Without looking at me, he said, “Don’t even think about it,” and gave one of the screws on the engine an infinitesimal turn.
“I wasn’t thinking about anything,” I said. I was still searching, but there was nothing. I’m sure I sighed. I was a great sigher in those days. I picked up the bowl and sat down with my back to the wall, scissored my legs open, and set the bowl between them. The peeler was still on the porch railing.
“Crap.”
“What’s wrong? Can’t find a weapon?”
“I left the peeler. It’s on the rail.”
“Bummer.”
“Get it for me?”
“Nope.”
“Thanks.”
“My pleasure, Cupcake.”
I didn’t move. I sniffed the air and it smelled like cow farts. I said so.
Mick said, “What smells like cow farts?”
“The world.”
“Probably not,” he said. “Probably just Montana.”
“Oh.” I pondered my entire range of geogra
phic and zoologic knowledge, not coming up with a whole lot. “So, does that mean Africa smells like hippo farts?”

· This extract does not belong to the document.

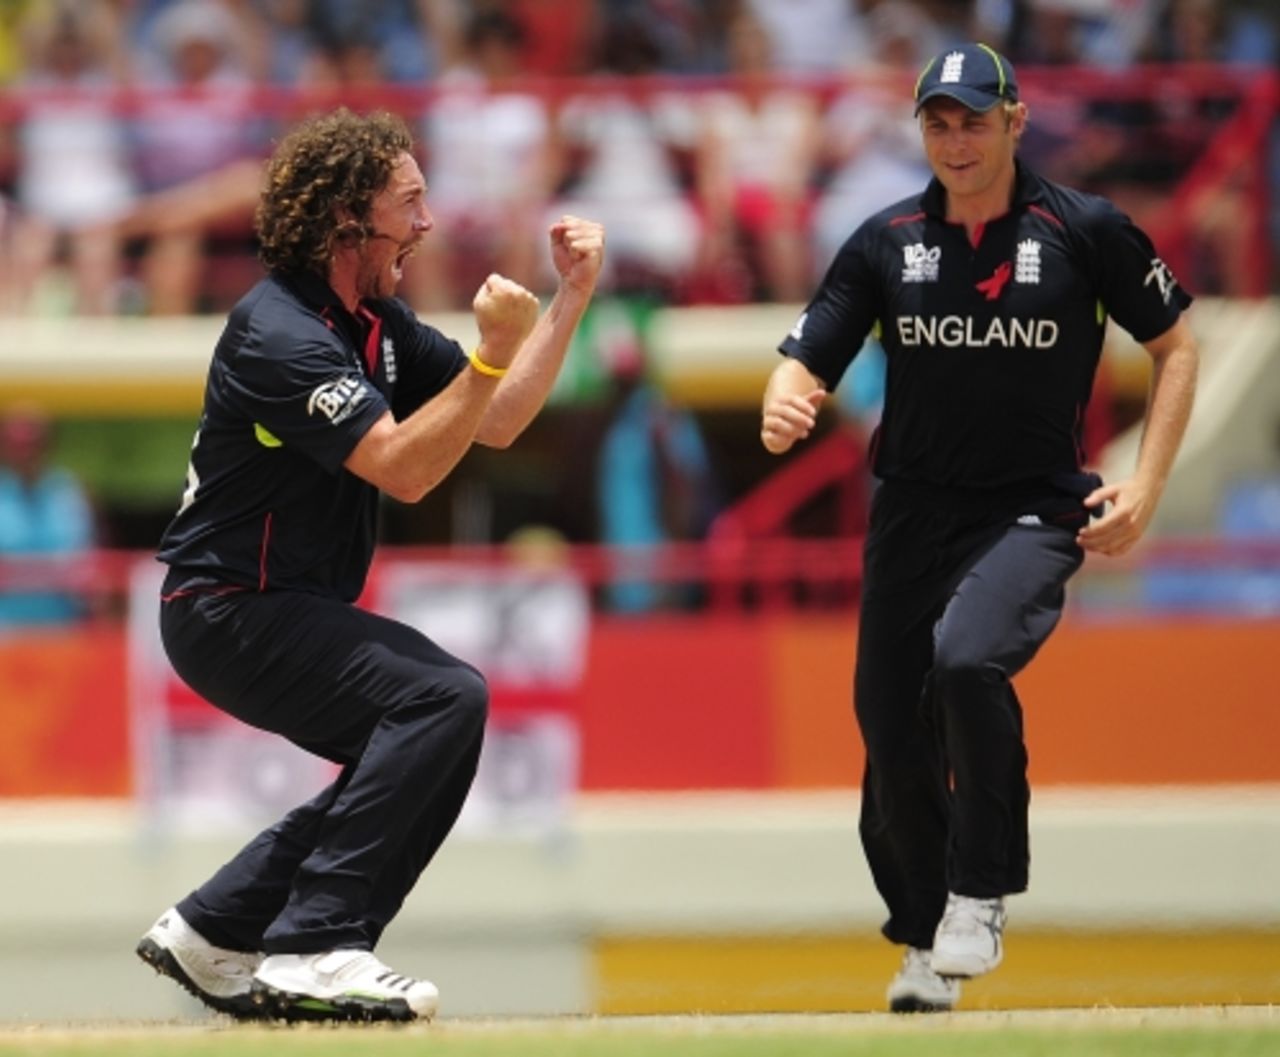 An exuberant  Ryan Sidebottom gave England a strong start with a wicket from his first ball, England v Sri Lanka, World Twenty20, 1st Semi-Final, Gros Islet, May 13, 2010

“I doubt it. Hippos fart underwater.”
“So what other animals are there?”
“Anywhere? Or just in Africa?”
“There. In Africa.”
“You have an encyclopedia, Riley. Why don’t you look it up?”

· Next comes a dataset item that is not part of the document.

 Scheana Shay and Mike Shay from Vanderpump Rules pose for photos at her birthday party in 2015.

“I have to peel these.” I took an apple out of the bowl and balanced it on the top of my head. “Plus, it wouldn’t hurt you to just tell me.”
I heard him sigh. I think he must have taught me how. “All right. Then will you be quiet?” No promises. I made a noise, like hrrmm.
He pulled the rag out of his pocket, dipped it in a tin of rubbing compound, and began to buff a tiny scratch on the gas tank. “Elephants. Don’t even tell me if you didn’t know that already. Antelope, zebras, giraffes, wildebeests, warthogs . . .”
“Warthogs?” I sat up straighter. “You made that up.”
“No,” he said, “I did not.”
I tilted my head forward to drop the apple into my hand, put it back in the bowl, and slitted my eyes like a snake. I considered my options. My tendency to doubt was well earned, but I still believed most of what Mick said, unless the bullshit was totally obvious. He was ridiculously smart. He read tons of books and remembered what was in them. Not like some people.
“What do they look like?” I said, still not sure which way this was going to go.
“Like bristly little pigs. Their tails stand straight up.”
I was eyeing the peeler, and even went so far as to set the bowl next to me so I could get up to retrieve it.
“What else?”
Mick said, “I’ll draw you a picture later.”
“When later?”
“After now.”
We were almost done. I could tell.
“Where do these guys live?”
“At the beach.”
“The ocean?” To me, the ocean was the most magical place in the world, even though I’d never seen one, never been farther outside Montana than the North Dakota Badlands. But even the Badlands had once been underwater, or so I’d been told.